The two had moved into a home in Fort Lauderdale, Fla., shortly before the pandemic when Mr. Pesta was called to a coaching assignment in the Czech Republic. The European Union and the United States banned travel in both directions soon after, and the two were separated for six months, Ms. Murray said.
She was the first to leave her country, last August, after the Czech Republic created a so-called sweetheart exception that allowed Americans to visit unwed partners. But when Mr. Pesta wanted to return to the United States last October, he had to spend two weeks in Turkey — a country not on the C.D.C.’s prohibited list — so he would be allowed to enter.
This spring, shortly after Mr. Pesta was vaccinated in the United States, he traveled back to the Czech Republic for a mixed martial arts fight. When he wished to return to Florida this summer, the couple went to the Dominican Republic to allow for Mr. Pesta’s re-entry, a visit that stretched on for seven weeks because of visa delays.
Ms. Murray said her chief frustration was that American rules led the couple to stay in countries where infection rates were higher than in much of Europe, supposedly as a precaution against infected travelers.
“It was kind of nonsensical to us,” she said.
In another part of Fort Lauderdale sits the empty two-bedroom apartment of Elisabeth Haselbach, a Swiss citizen who bought it four years ago as an investment and vacation property.
Understand the State of Vaccine Mandates in the U.S.
But Ms. Haselbach has not been able to see her home since before the pandemic.

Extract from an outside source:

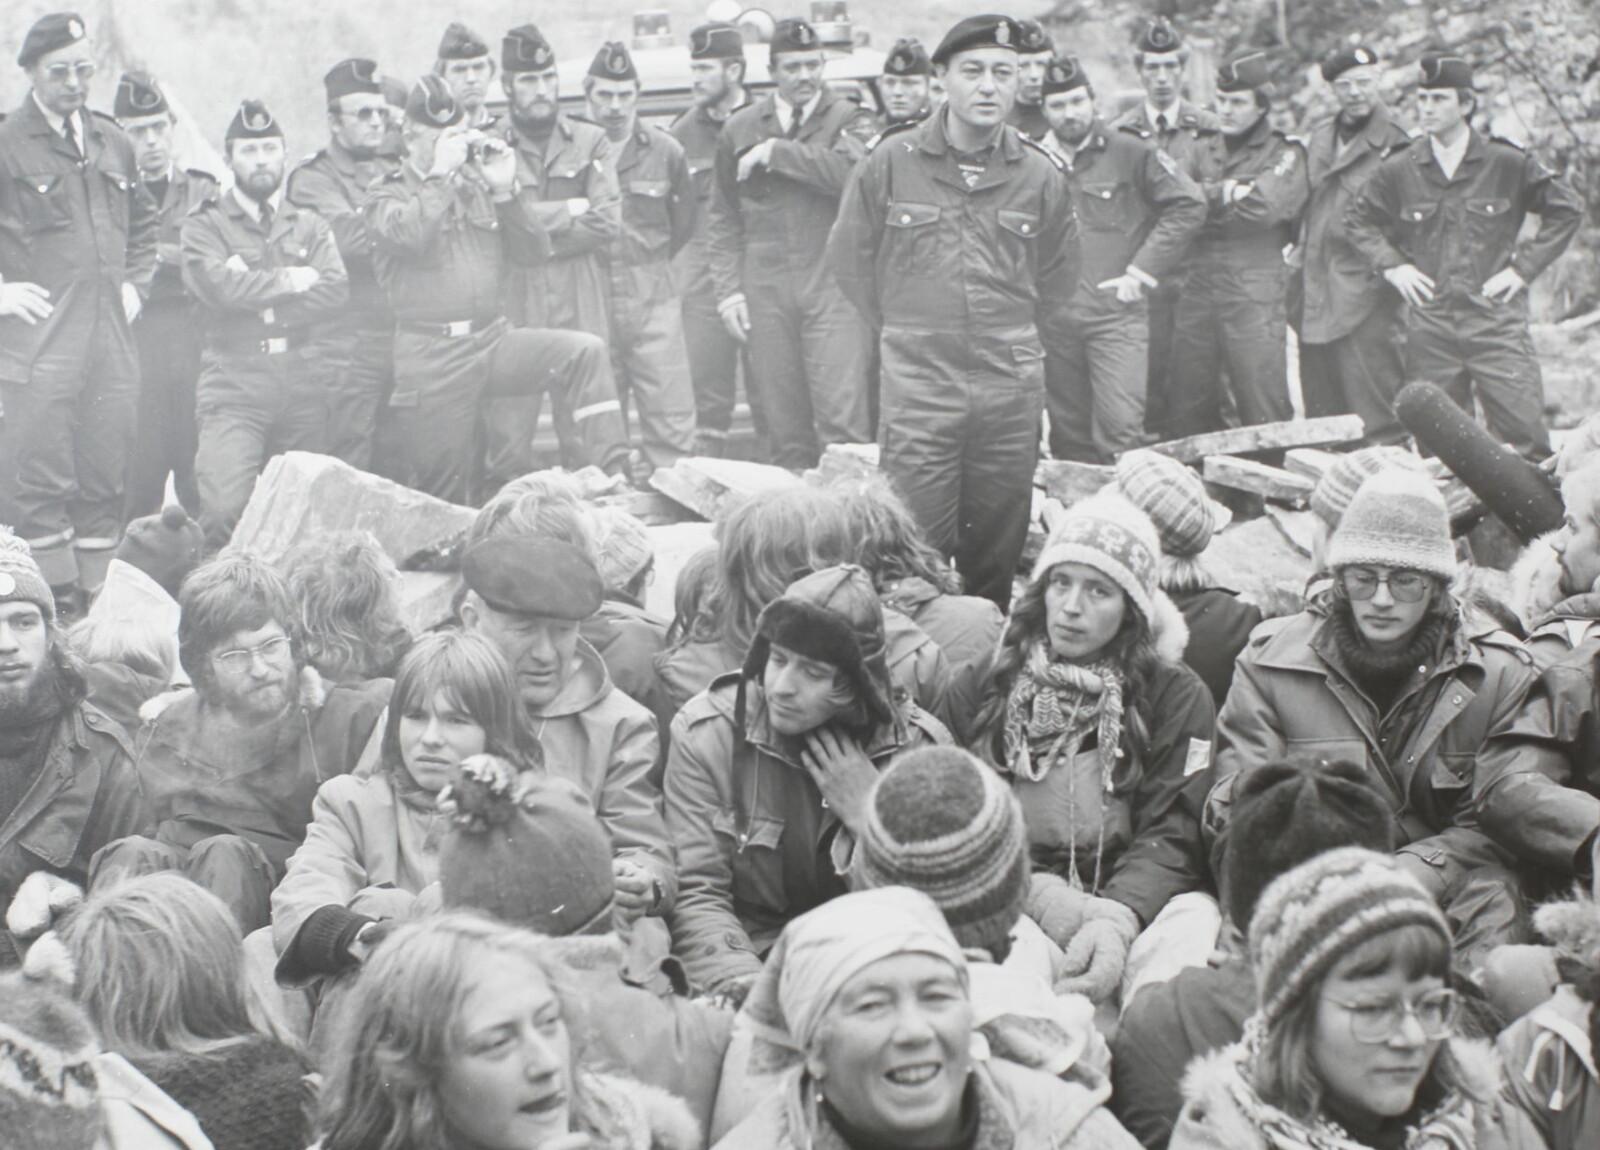 """<span class="""" font-weight-bold"""" data-lab-font_weight_desktop=""""font-weight-bold"""">TILBAKEBLIKK:</span> Høsten 1979 forsøkte det lokale politiet i Finnmark å bryte opp den første, store demonstrasjonen ved nullpunktet på Stilla. Lensmannsbetjent Knut Arvid Sætermo (bakerste rad, like til høyre for mannen som holder et kamera) var en av de 40-50 polititjenestemennene som kom til kort mot demonstrantene. Til slutt så politimester Einar Henriksen (stående nærmest demonstrantene, under) ingen annen utvei enn å avblåse aksjonen."""

She continues to pay taxes and condominium fees, but is worried because she has been unable to reinforce her home for the hurricane season, which lasts from June through November.
She said the predicament left her stunned: She found Mr. Trump’s behavior on the international stage unreasonable, but she did not expect to think the same of Mr. Biden on the closed borders.
“I was the No. 1 fan of the Democrats,” she said.
Frustration with the ban led Marius Van Der Veeken, a retired finance professional in the Netherlands, to write to Mr. Biden, saying he wanted to see his family in Michigan.
Mr. Van Der Veeken, 64, and his wife, Anne-Mieke, 61, had just gotten to know their grandchildren, now 3 and 4, before the pandemic prevented travel. Having received the AstraZeneca vaccine in March, they had believed they would soon have a chance to see the children, along with their daughter and son-in-law. Instead, they continue to meet each Sunday by video call.
Their grandchildren recognize them — calling them Opa and Oma, grandpa and grandma in Dutch — but Mr. Van Der Veeken worries that long-distance calls are not enough and that he is losing precious years.
“It’s important now to be building a relationship with them,” he said. “My big argument is that the travel restrictions should make a difference between family connections and tourists.”
Mr. Fuchs, the retiree from Germany, had similar feelings when he was blocked from his flight in May to attend the christening of his great-granddaughter, his first.
His daughter Natascha Sabert, an American citizen, said she had been told mistakenly by U.S. consular officials that he was eligible to enter the country as her father. But when he reached the airport in Amsterdam, he was told that he did not qualify because his daughter was over 21.
Ms. Sabert worried that her father, who is hard of hearing, would not be able to make it back to Germany that night from Amsterdam. Airport officials told her there were no more flights to Hanover that day, she said.
“I said, ‘You can’t push him in a wheelchair somewhere in the airport in the corner and just leave him there,’” she recalled.
Eventually, Mr. Fuchs was put on a flight to Hamburg, where a relative helped him onto a train to Hanover.
The experience has left Ms. Sabert fearful of asking her father to try to make the trip again. But she also feels time is running out and wants the chance for the family to reunite.
“It’s about these last moments before we say goodbye,” she said.